Вашими неофициальными учителями были Фаворский и Фальк. То, что вы — ученик Фаворского, видно: от него — размышление о картине как о структуре, построенной на оппозициях "край — центр", "глубина — плоскость" и т. д. Но у Фаворского эти оппозиции были, кажется, сугубо эстетическими, у вас же они приобретают этическую ценность: свет противопоставляется тьме, а глубина — плоскости, как доброе начало — злому.
Это тоже не обязательно мое. Владимир Андреевич был художником, который всегда искал опору в нравственной области. Правда, разговоров на эту тему у нас не было: в те годы это было слишком рискованно. И в своих сочинениях он об этом не говорит. Но было понятно, что белое — добро, а черное — наоборот, что добро и зло лежат в основе всего, что мы делаем, что, как только мы, художники, беремся за работу, мы сразу попадаем в зону ответственности. Это — от него.
Увидеть, что вы ученик Фалька, сложнее. Чему вы учились у него?
Он для меня был очень важен, потому что через него я постигал культуру современного искусства. Разобраться в этом огромном потоке информации было тогда очень трудно. Он был галломан, для него только французское искусство было чем-то абсолютным, и в те годы это было очень важно. И еще от него — понятие о живописи как об искусстве живописной среды, он понимал пространство как среду. Я никогда не подражал Владимиру Андреевичу, а Роберту Рафаиловичу я просто подражал самым ученическим образом. Но потом я перешел в другую зону, хотя это осталось как моя база.
Фаворский воспринимается в первую очередь как художник книги. В вашей живописи слово, текст тоже очень важны. Как текст пришел в вашу картину?
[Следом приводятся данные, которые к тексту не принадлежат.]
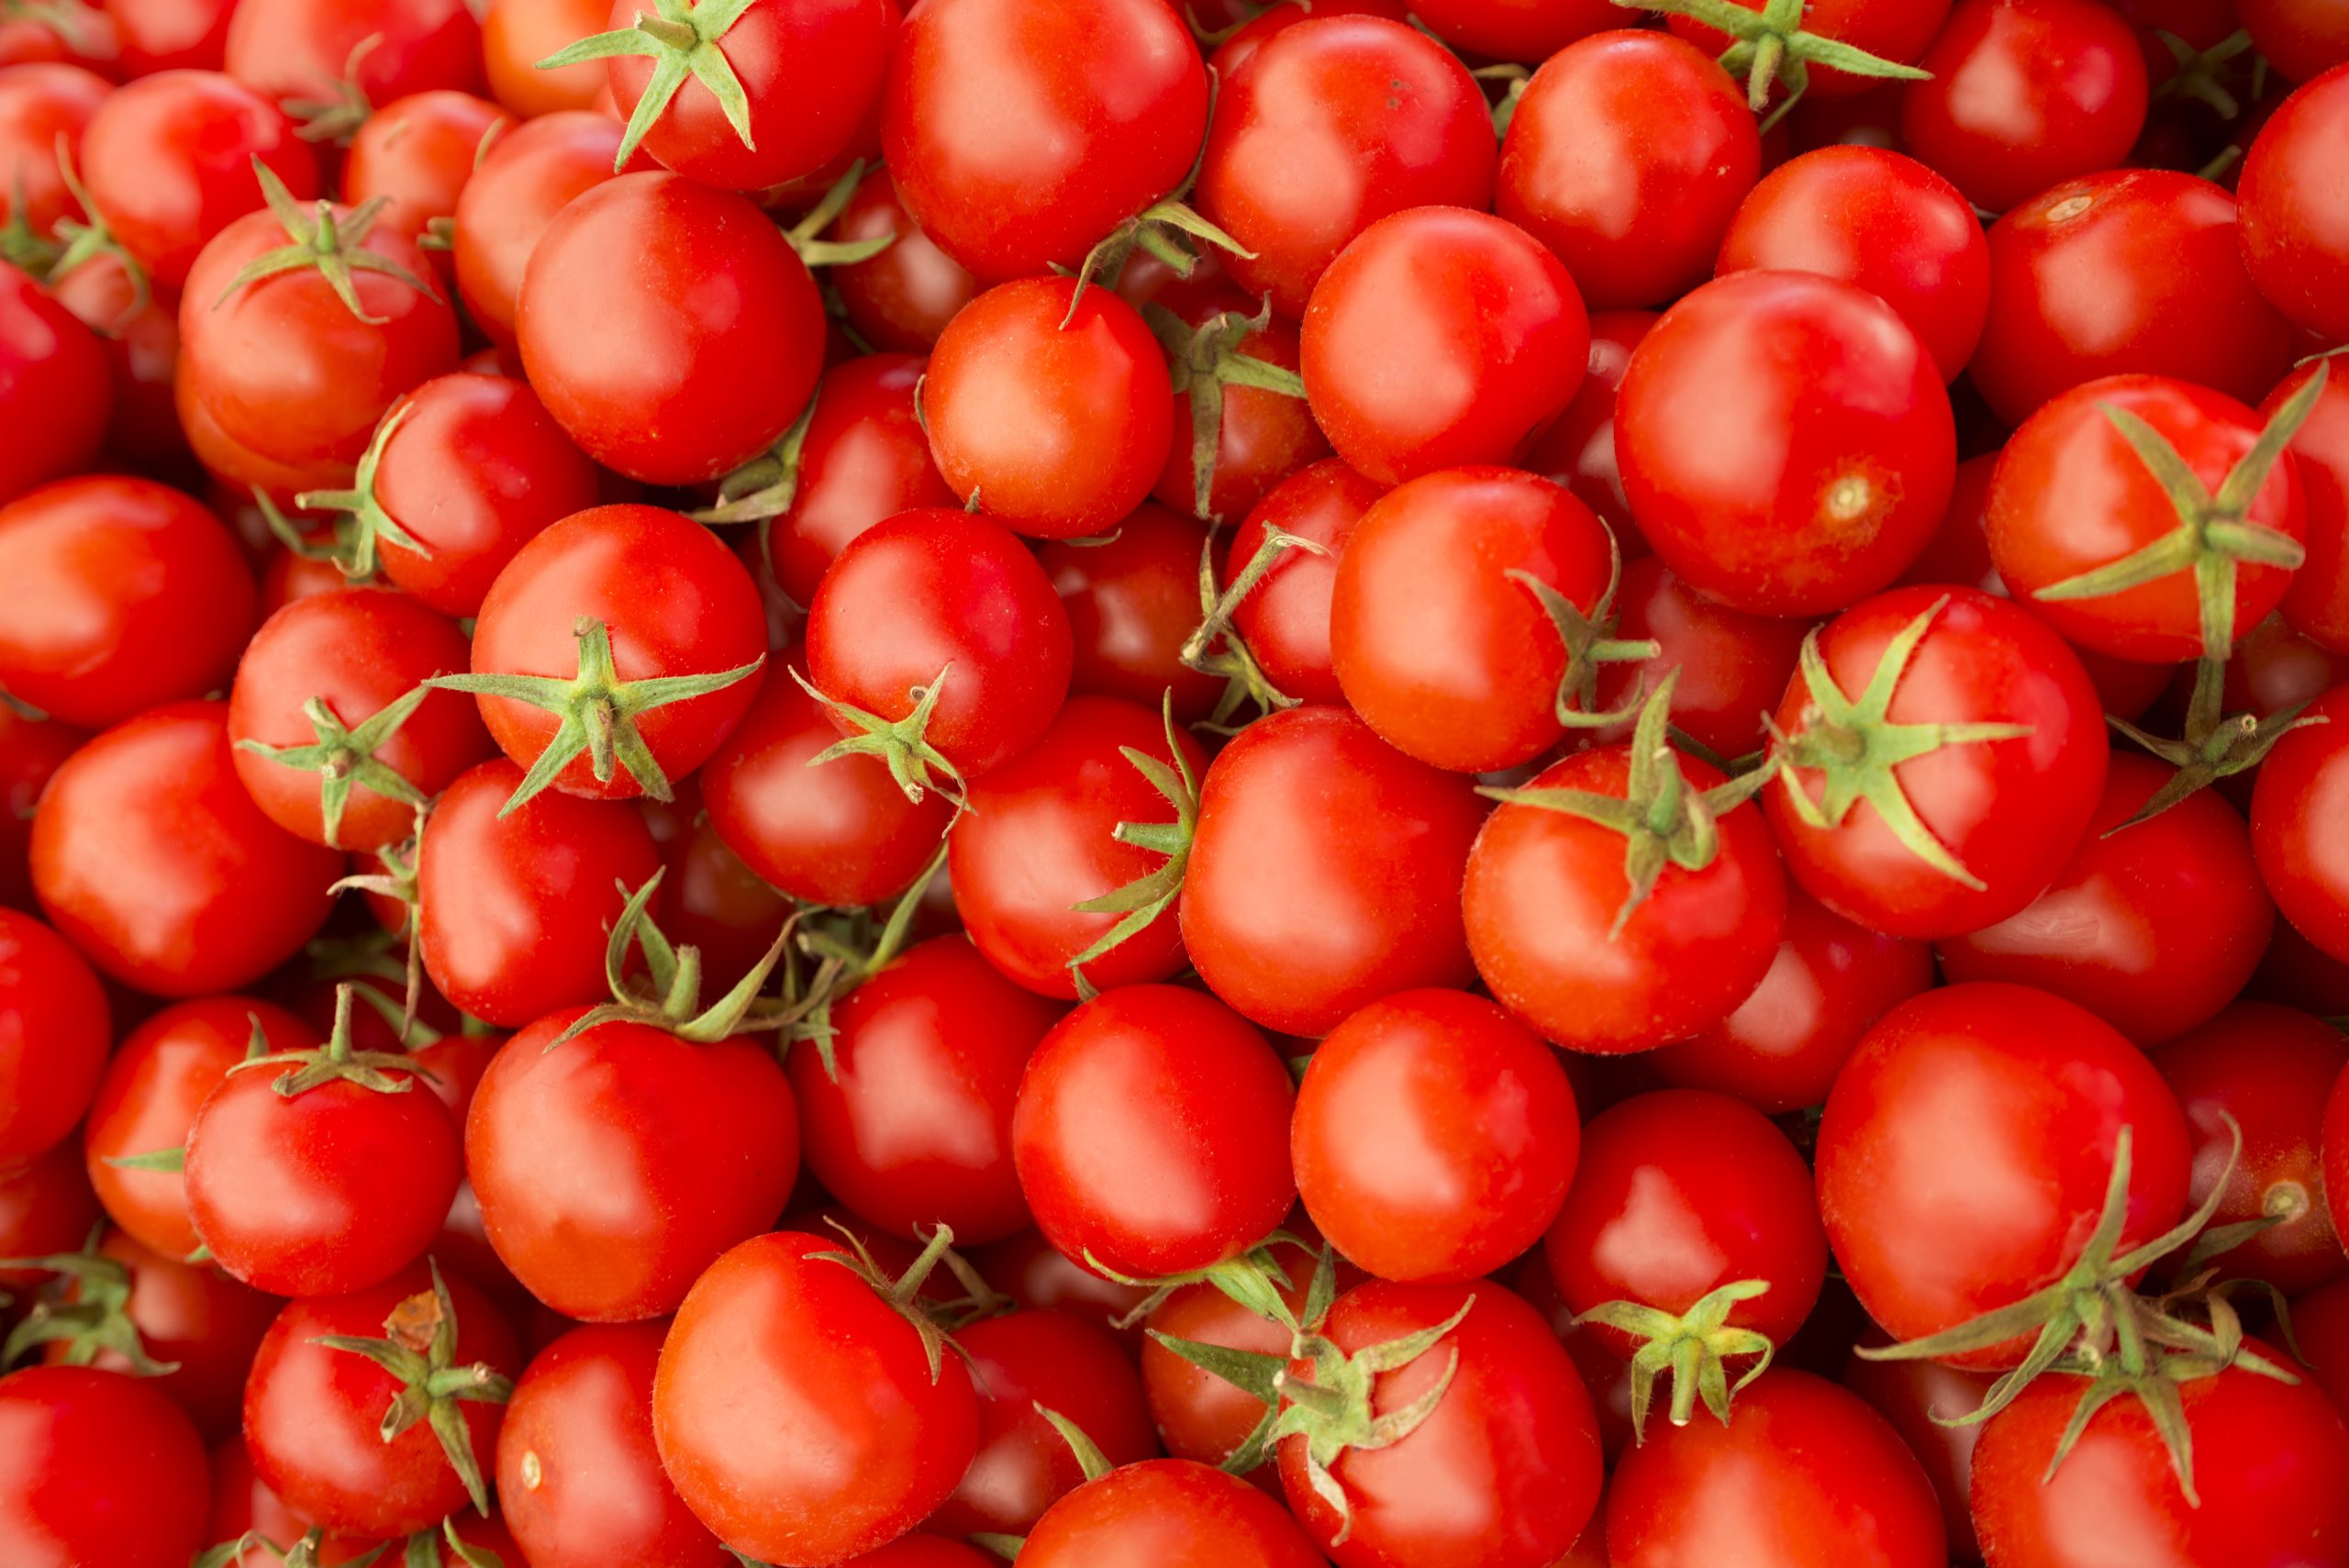 Shutter Stock/ تحتوي حبة طماطم متوسطة الحجم على ما يزيد قليلاً عن 16 مليغراماً من فيتامين سي، وهو وقود مثبت لجهاز المناعة في الجسم.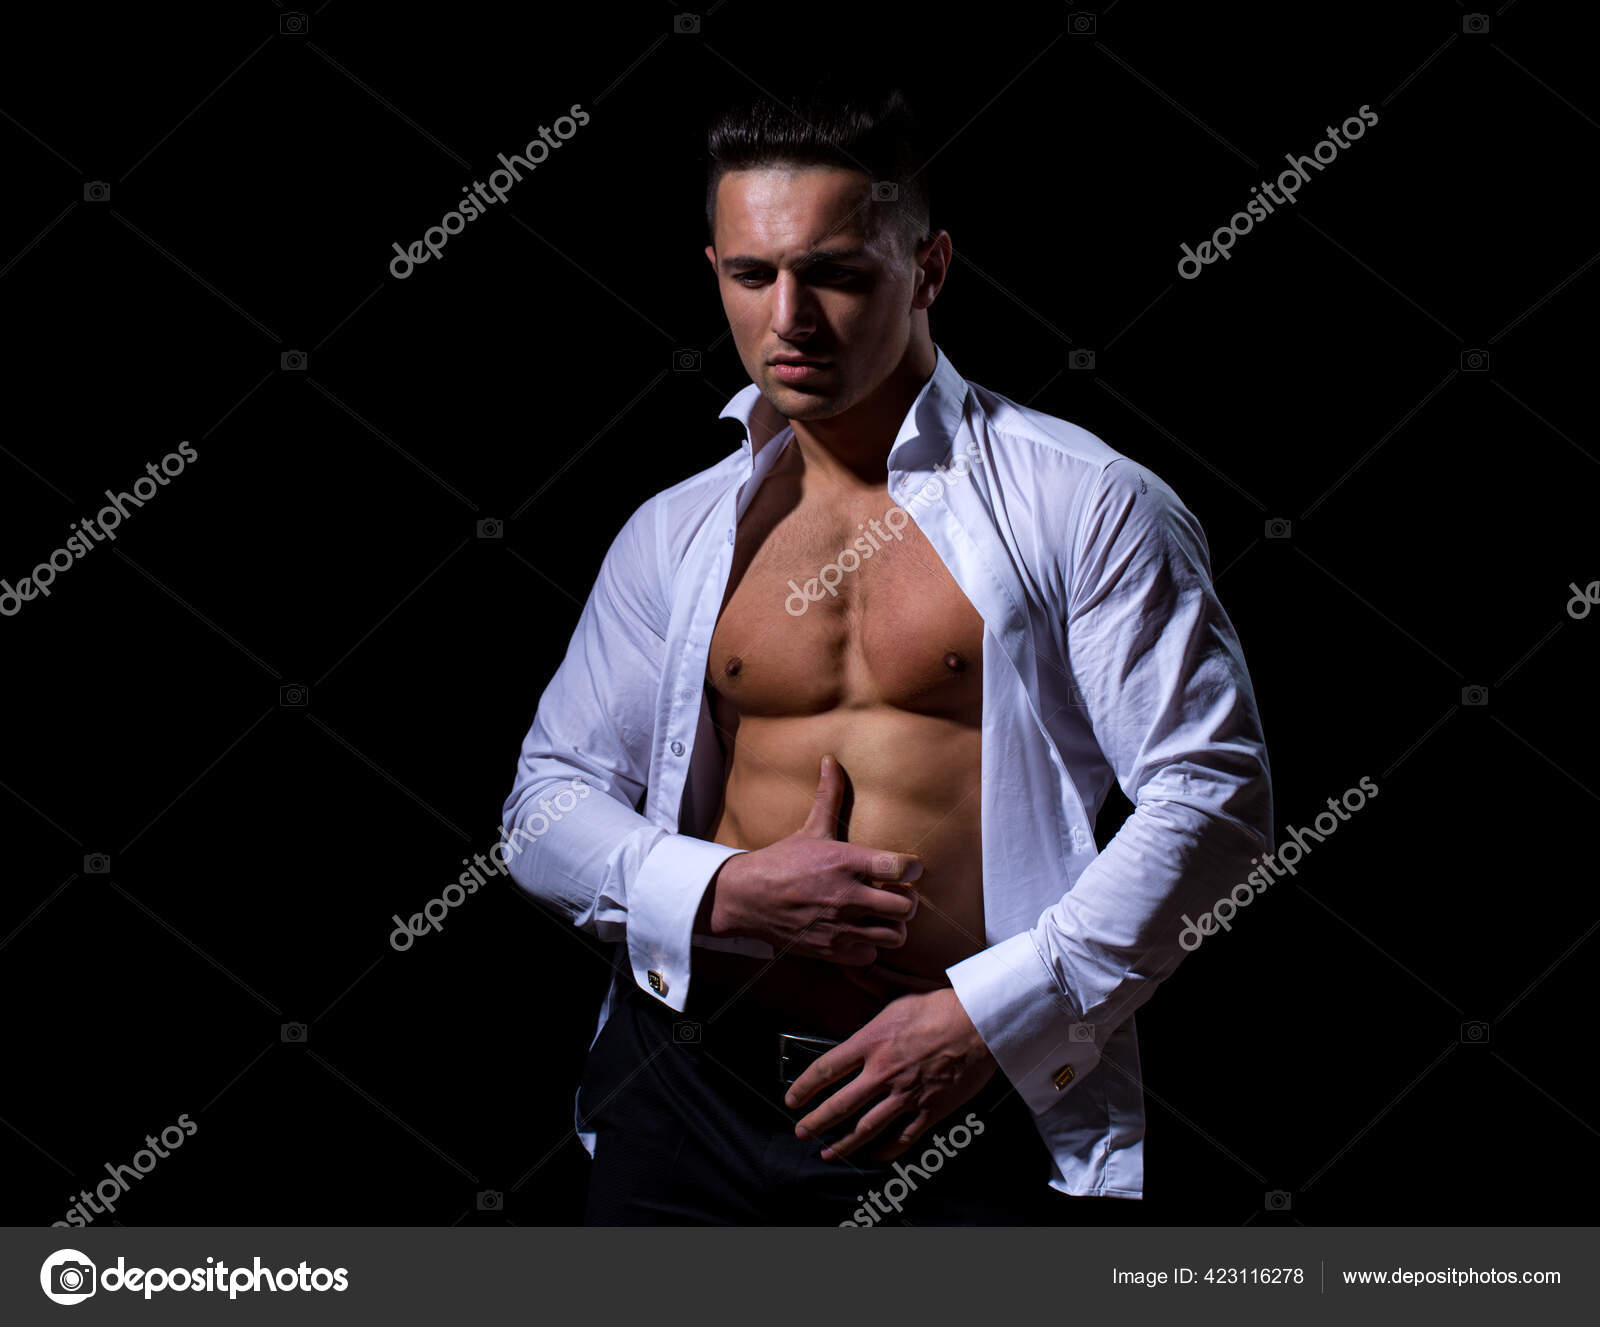 ボタンを外したシャツを着たセクシーな男。セクシーな裸の胴体を示す筋肉の上半身裸の男性モデル。メトロセクシャルの男は裸。上半身裸のアスレチックホット裸の男。 | プレミアム写真

Боюсь, это долгий разговор. С чего начинается внутренняя оппозиция по отношению к тому искусству, которое вы видите вокруг себя? Она начинается с того, что мир, который я вижу, не похож на то, что получается на картинах, и я не могу его сделать похожим — стараюсь, делаю все как полагается, но не могу поймать, в чем дело. Сначала была иллюзия, что не получается, потому что мы не знаем современного искусства — якобы оно сделало открытия, которые и должны нам открыть глаза. Но, когда я освоил это искусство, оказалось, что и оно мне ничего не дает, потому что искусство всегда точно связано со временем и местом, где оно сделано, его нельзя повторить в другое время и в другом месте. Нужно найти сейчас язык этого времени, этого момента, чтобы его выразить, никто тебе не поможет — оказалось, что в искусстве нет учителей. И вот тут мы трое — Олег Васильев, Илья Кабаков и я — обратились к зоне полуискусства, в которую мы погружены и которая презирает искусство. Для Олега это была лирическая пошлость: "Люби меня, как я тебя", "Привет из Крыма" — он с таким материалом работал. Илья работал с бюрократической бумажкой — это его знамя. А для меня этим стали железнодорожные плакаты: там соединение текста и изображения было каким-то чрезвычайно болезненным, острым. Трудно передать: какие-то плохо нарисованные, условные фигуры и слова "опасно", "осторожно", на самом деле честные слова, но связанные с бесчеловечностью общей ситуации,— контраст между безразличностью изображения и остротой текста давал очень точное ощущение нашего времени, его бюрократической бесчеловечности. Я стал обращать внимания на слова, оказалось, все пространство пропитано словами, все из слов — как их не использовать.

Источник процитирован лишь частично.